Panasonic has ticked the standard response boxes to a data breach as well — launched an investigation, hired a third-party company to investigate the breach and has contacted relevant authorities.

This is not the first time Panasonic has been targeted by hacking groups. The company’s operations in India were subjected to data theft and extortion in 2020. The data was stolen in October 2020 with a ransom of $500,000 demanded not to release the data. Panasonic did not pay up and the attackers subsequently released 4 gigabytes of company data in November.

The data stolen from Panasonic India included outstanding account balances with suppliers, bank account numbers, accounting spreadsheets, lists of passwords for sensitive software systems, email addresses and more.

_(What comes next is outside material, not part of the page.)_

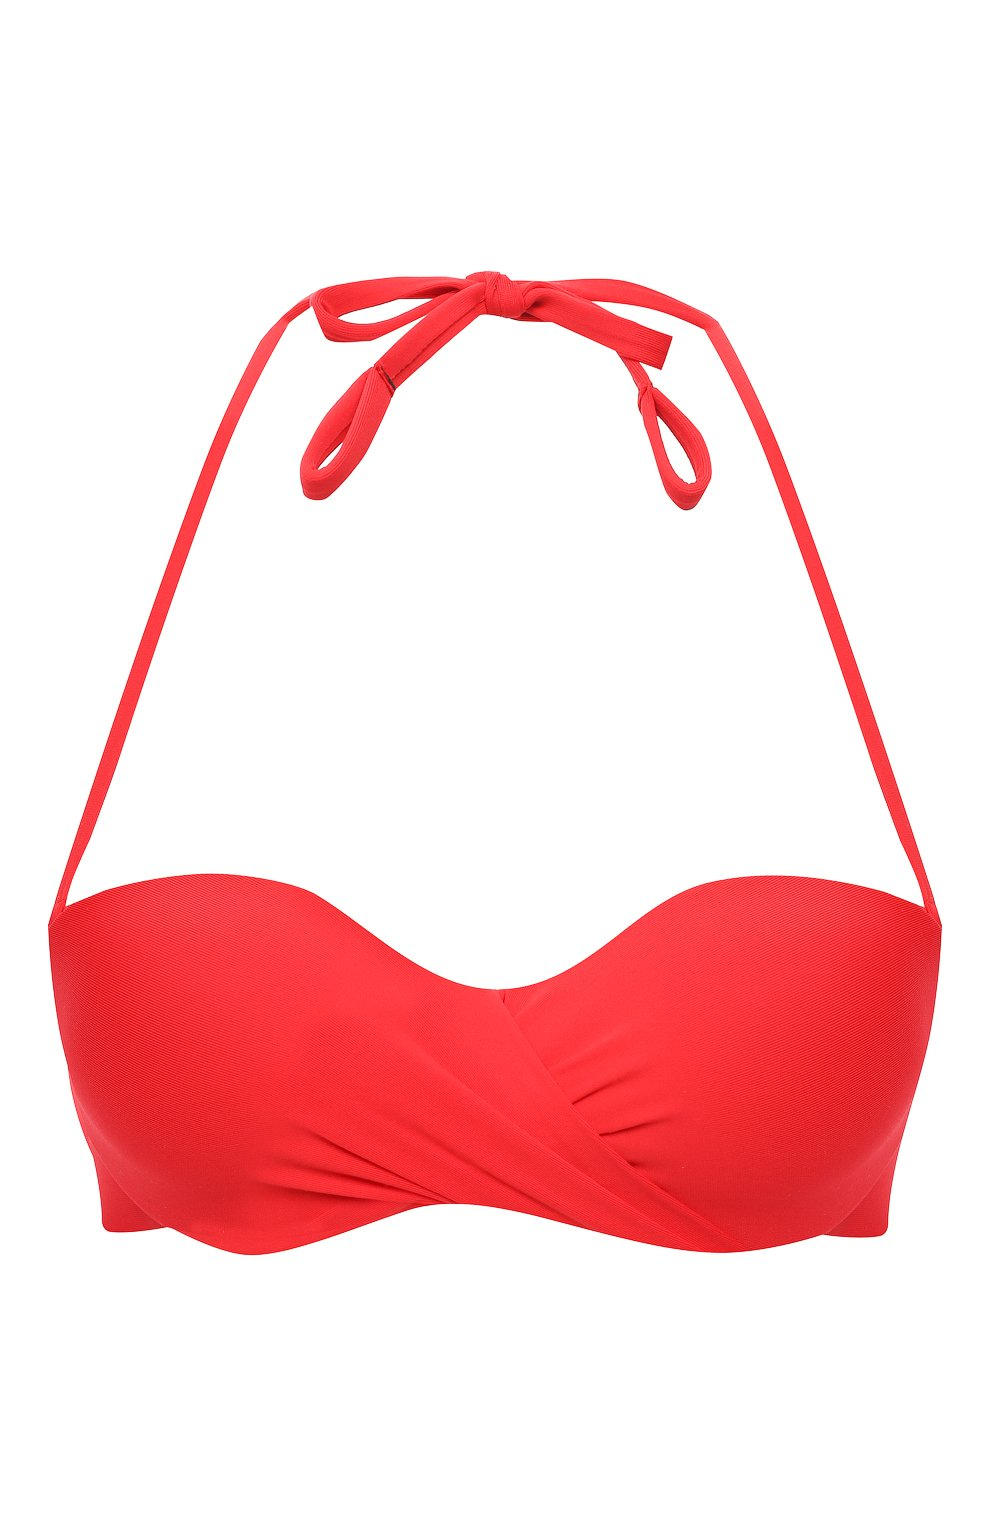 Женский бра-бандо RITRATTI MILANO красного цвета, арт. 71981 | Фото 1

Although the potential data stolen in the new attack does not initially appear to be as extensive, the intent of those behind it is unknown: Is it corporate espionage or another extortion group?

“As is typical in these early-stage incident reports, there are many unknowns, particularly given the level of detail given in the initial disclosures,” Jake Williams, co-founder and chief technology officer at digital foreigners and incident response company BreachQuest Inc., told SiliconANGLE. “In this case, however, there are already red flags.”

Williams noted that NHK reported that internal network monitoring was the source of the incident detection, seemingly implying that the depth of intrusion is more than a misconfigured external server. “Taken at face value, this means that Panasonic likely has some work ahead to threat hunt in its network before fully understanding the scope of the compromise,” he said.

John Bambenek, principal threat hunter at security operations firm Netenrich Inc., highlighted the long time the breach took to be detected.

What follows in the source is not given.